Health center has an ongoing Quality Improvement/Quality Assurance (QI/QA) program that includes clinical services and management, and that maintains the confidentiality of patient records. The QI/QA program must include:

  • A clinical director whose focus of responsibility is to support the quality improvement/assurance program and the provision of high quality patient care;*

  • Periodic assessment of the appropriateness of the utilization of services and the quality of services provided or proposed to be provided to individuals served by the health center; and such assessments shall: *

  • Be conducted by physicians or by other licensed health professionals under the supervision of physicians;*

  • Be based on the systematic collection and evaluation of patient records;* and

  • Identify and document the necessity for change in the provision of services by the health center and result in the institution of such change, where indicated*

    Note: Portions of program requirements notated by an asterisk “*” indicate regulatory requirements that are recommended but not required for grantees that receive funds solely for Health Care for the Homeless (section 330(h)) and/or the Public Housing Primary Care (section 330(i)) Programs.

     

Webinar: Meeting QI/QA Requirements: Lessons Learned

(2012) This webinar (part one of two) will feature lessons learned from the San Francisco Health Care for the Homeless program. After this webinar, participants will be able to provide examples for how 330(h) program expectations can be operationalized into day-to-day quality infrastructure, describe ways health information technology and decision support tools can be used to report on HCH outcomes of interest, and analyze and compare known and emerging QI approaches. Participants will also learn to formulate a business case for how HCH QI work is relevant to PCMH activities.

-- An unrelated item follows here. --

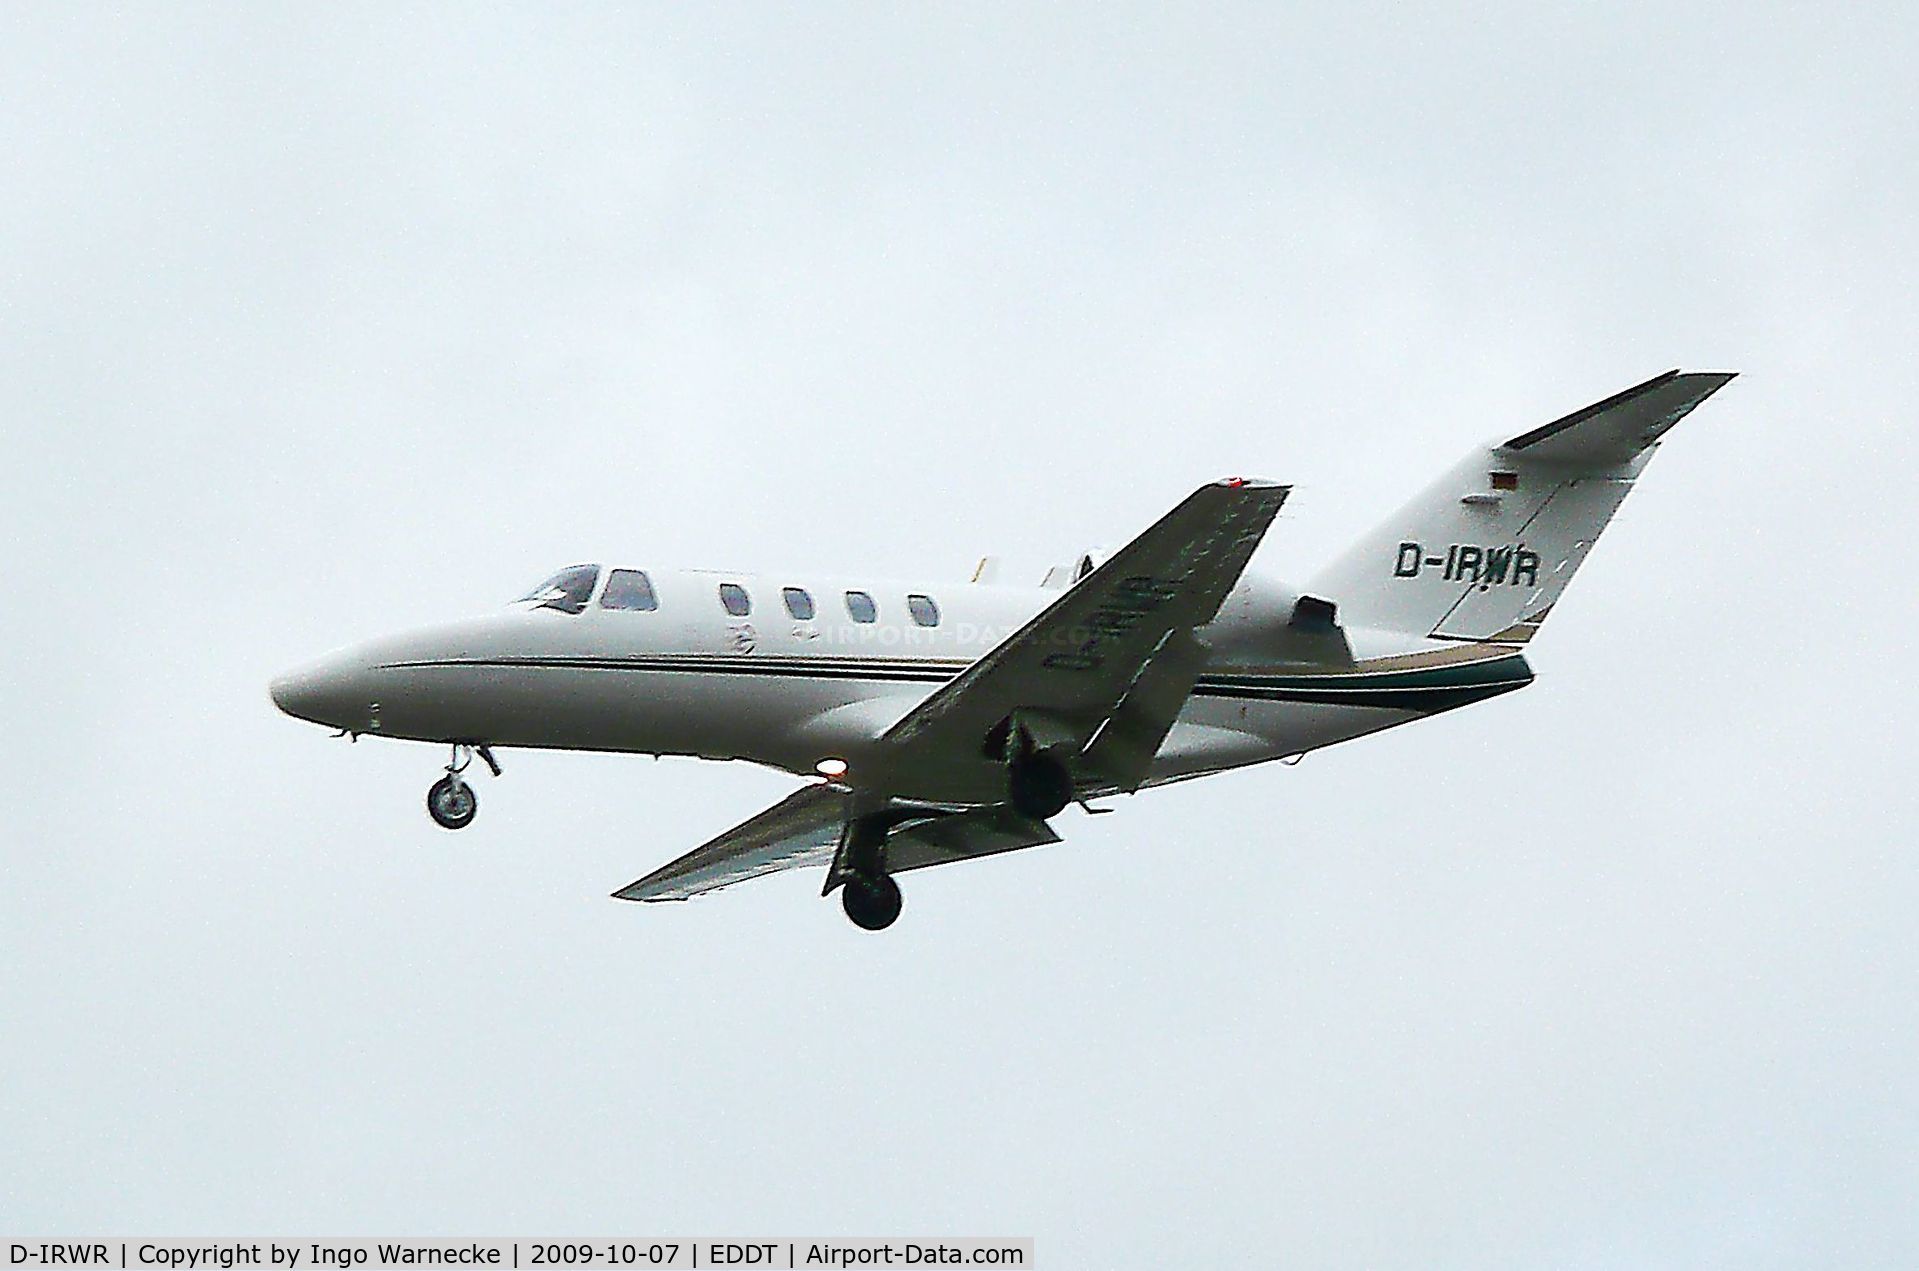 D-IRWR, 1996 Cessna 525 CitationJet CJ1 C/N 525-0118, Cessna 525 CitationJet CJ1 on final approach into Tegel airport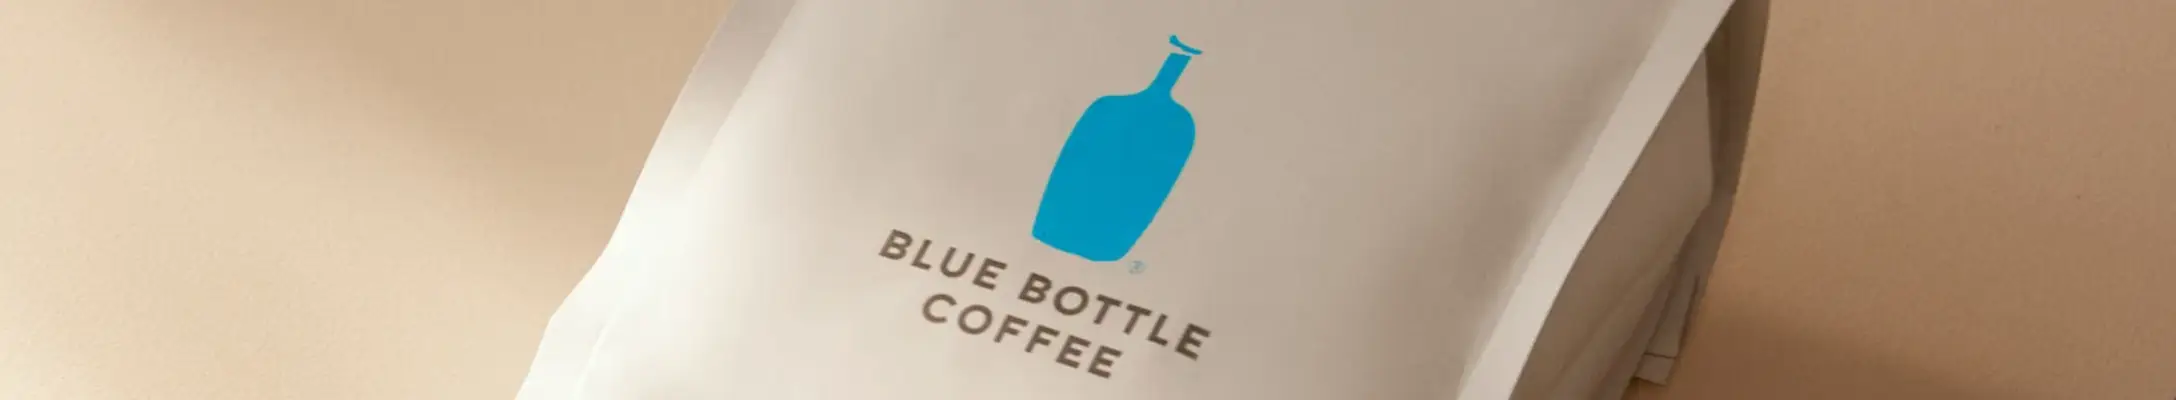 Blue bottle coffee logo on a coffee bag

Webinar: Meeting QI/QA Requirements: Action Steps

(2012) This webinar (part two of two) will feature perspectives from the San Francisco and Omaha Health Care for the Homeless programs. After this webinar, participants will be able to describe the effects of electronic medical records on clinic flow, illustrate how policies and procedures influence work performance, and feel confident in their abilities to locate and use available QI/QA resources including the Community Oriented Primary Care toolkit.

Clinical Performance for Health Care for the Homeless

This webpage contains several resources related to outcome measures, clinical measures, and improving clinical care.

Pages from Organizing Health Services for Homeless People

(2001) Pages from Organizing Health Services for Homeless People in Part V. Organizational Tools, Quality Improvement/ Quality Assurance and Program Evaluation.